Recorded data:
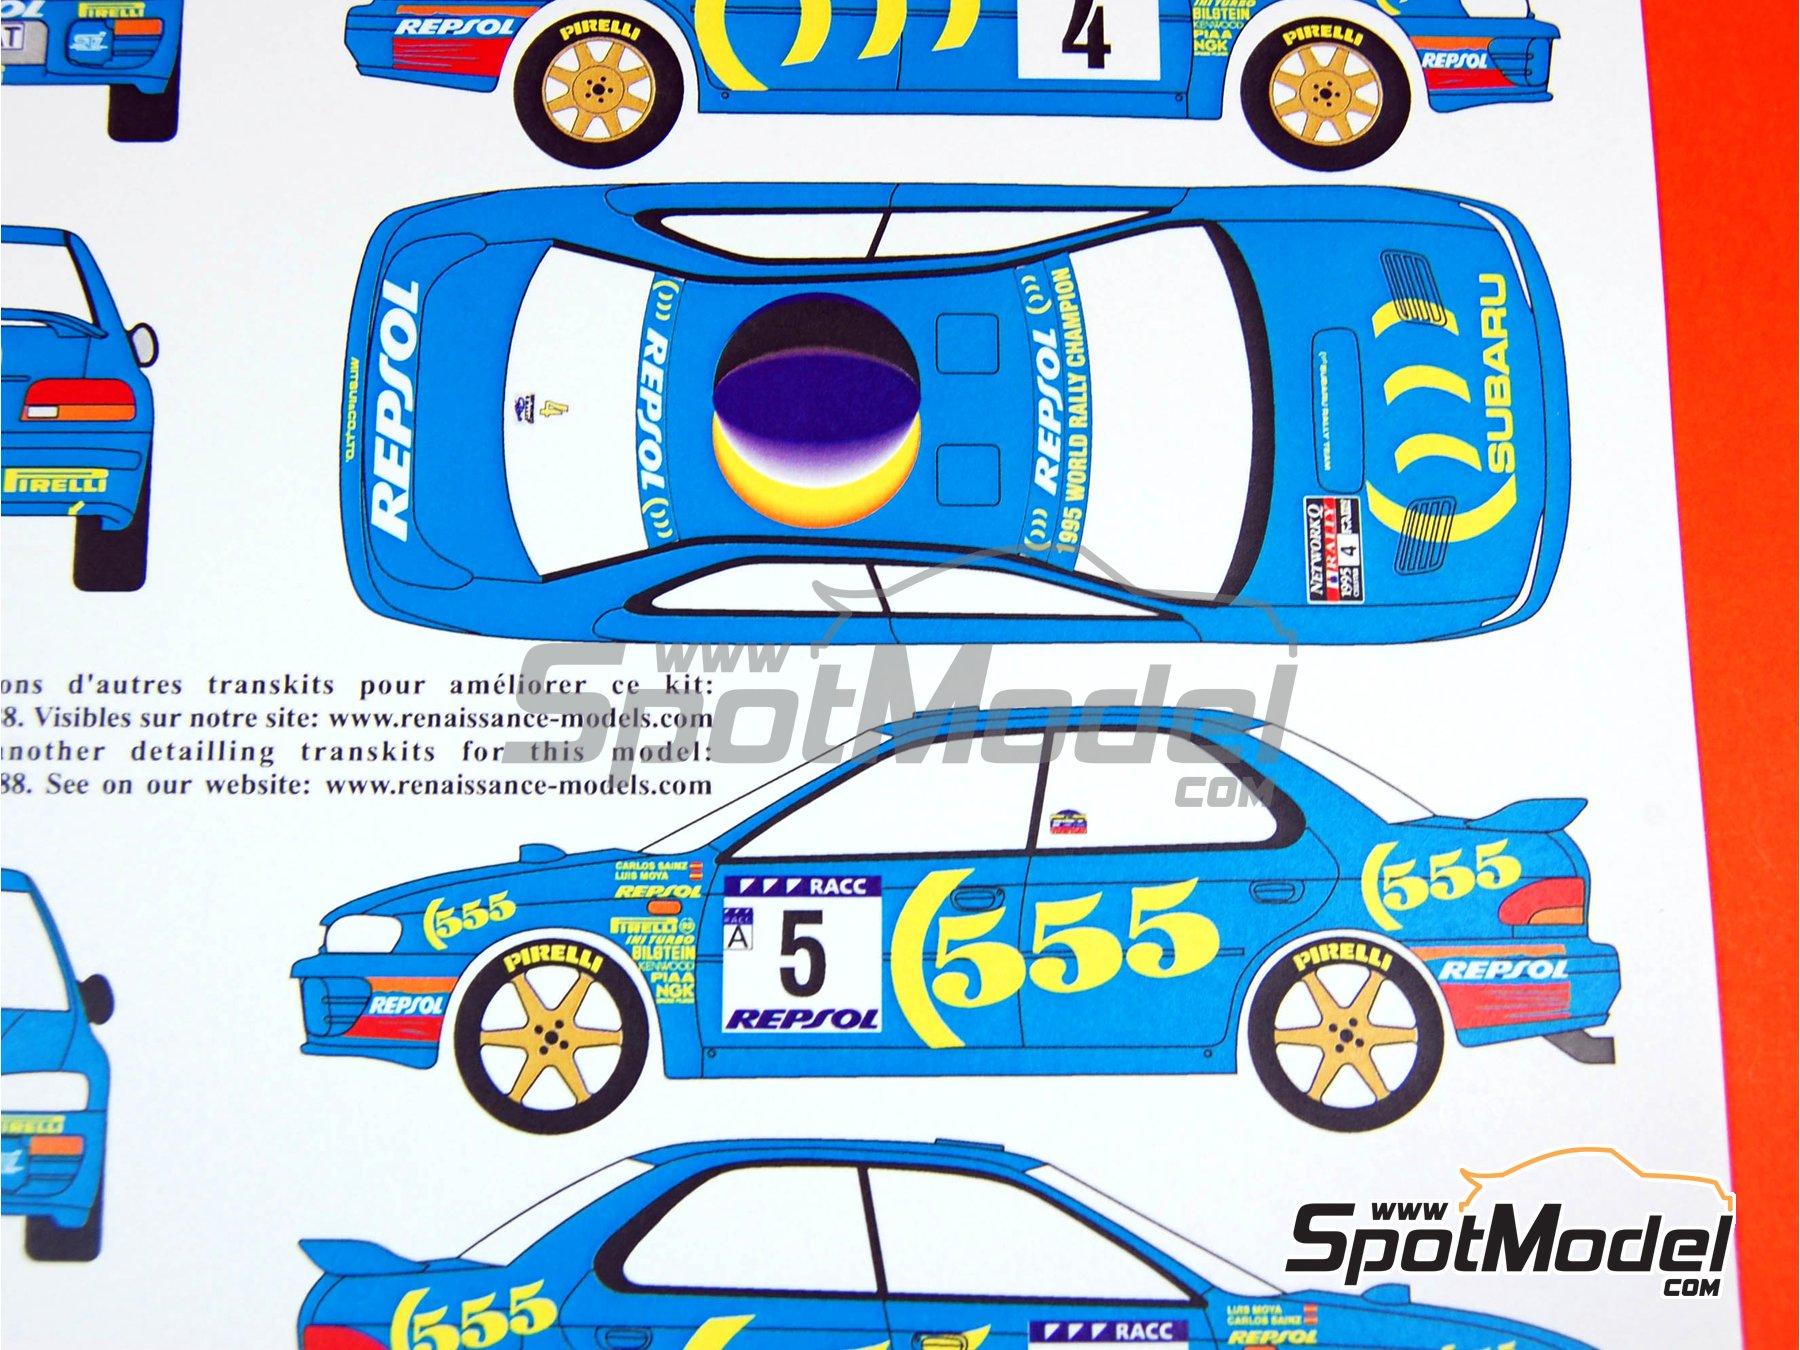 Image 4: Subaru Impreza 555 Group A - Catalunya Costa Dorada RACC Rally, RAC Rally 1995 | Marking / livery in 1/24 scale manufactured by Renaissance Models (ref.TK24-289)
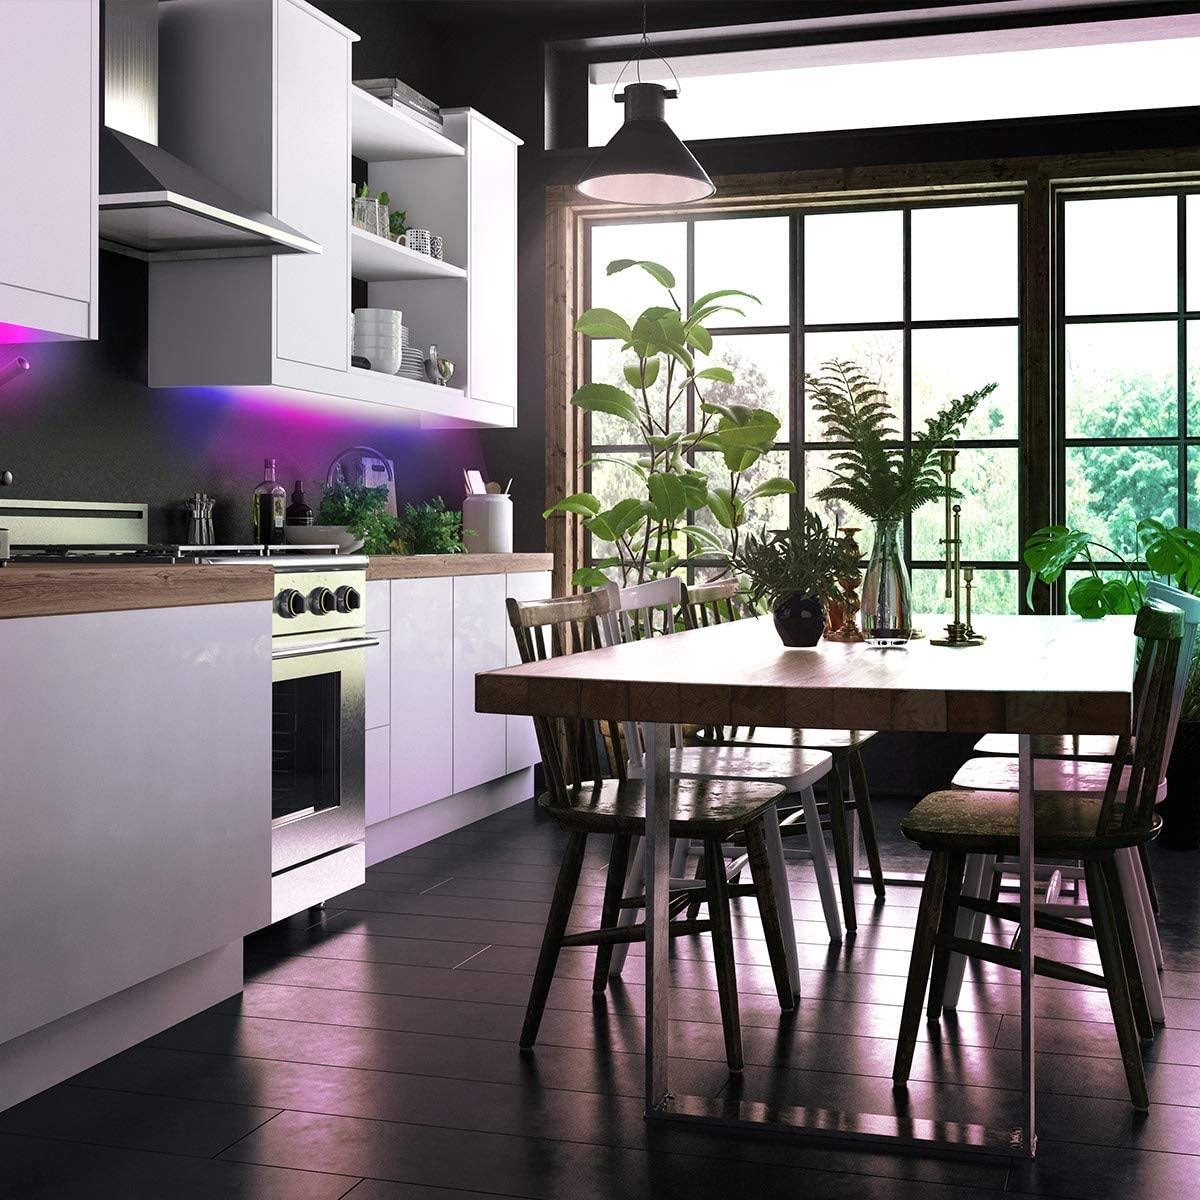 LIFX Z Smart LED Light Strip Extension Kit 3.3′
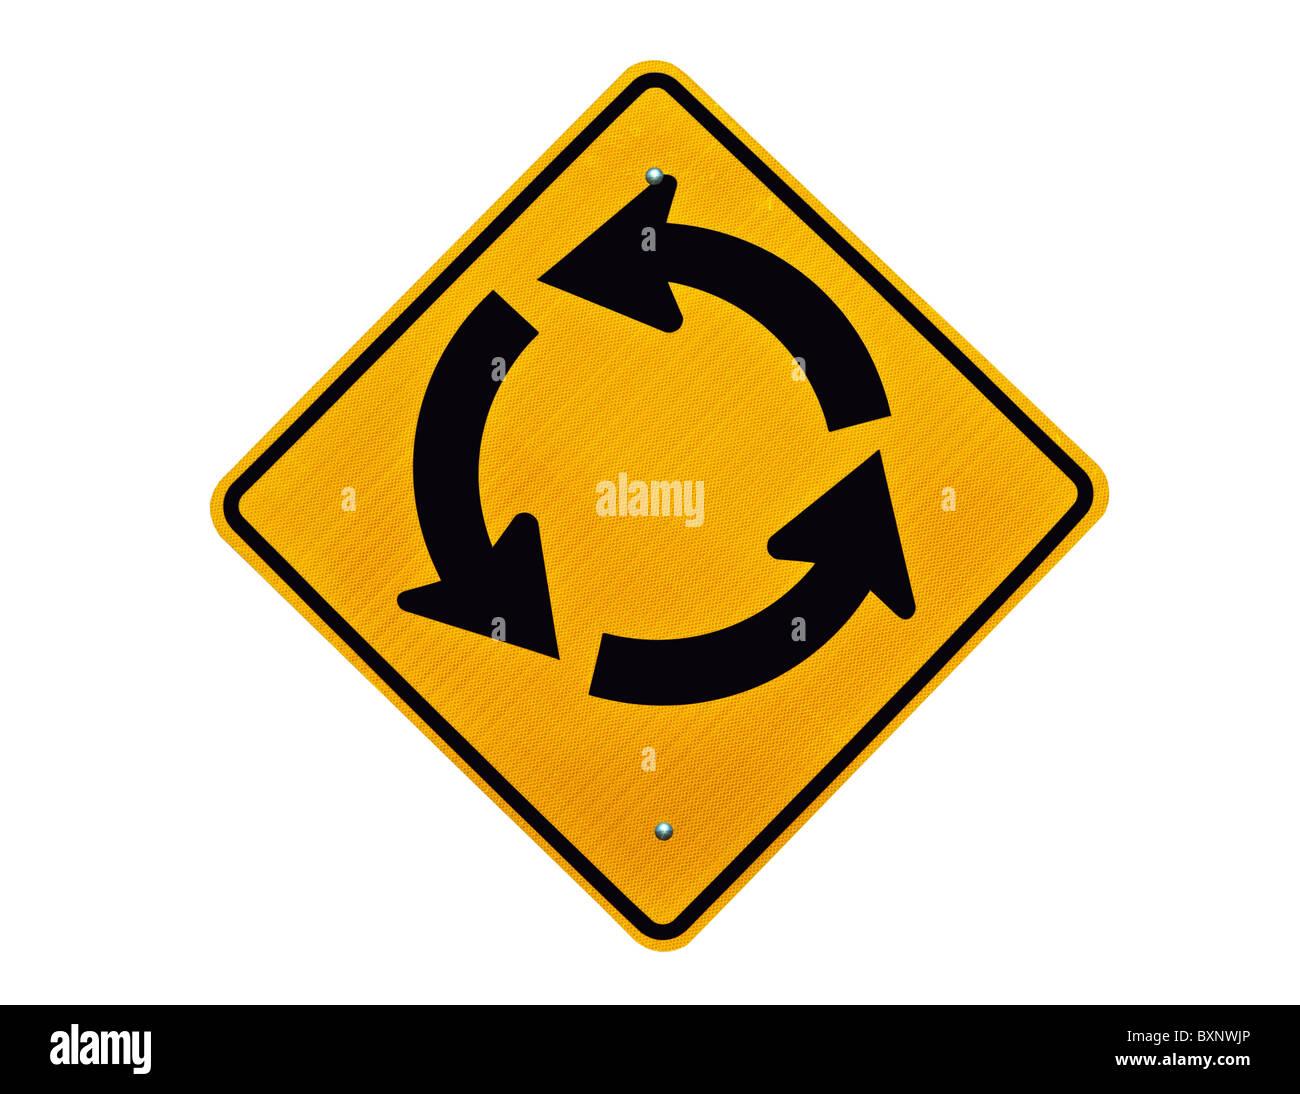 Endless traffic circle loop caution sign. - Stock Image

Instructions to follow:
Drop the pictures; repeat the listing above exactly.

Solution:
 Image 4: Subaru Impreza 555 Group A - Catalunya Costa Dorada RACC Rally, RAC Rally 1995 | Marking / livery in 1/24 scale manufactured by Renaissance Models (ref.TK24-289)
 LIFX Z Smart LED Light Strip Extension Kit 3.3′
 Endless traffic circle loop caution sign. - Stock Image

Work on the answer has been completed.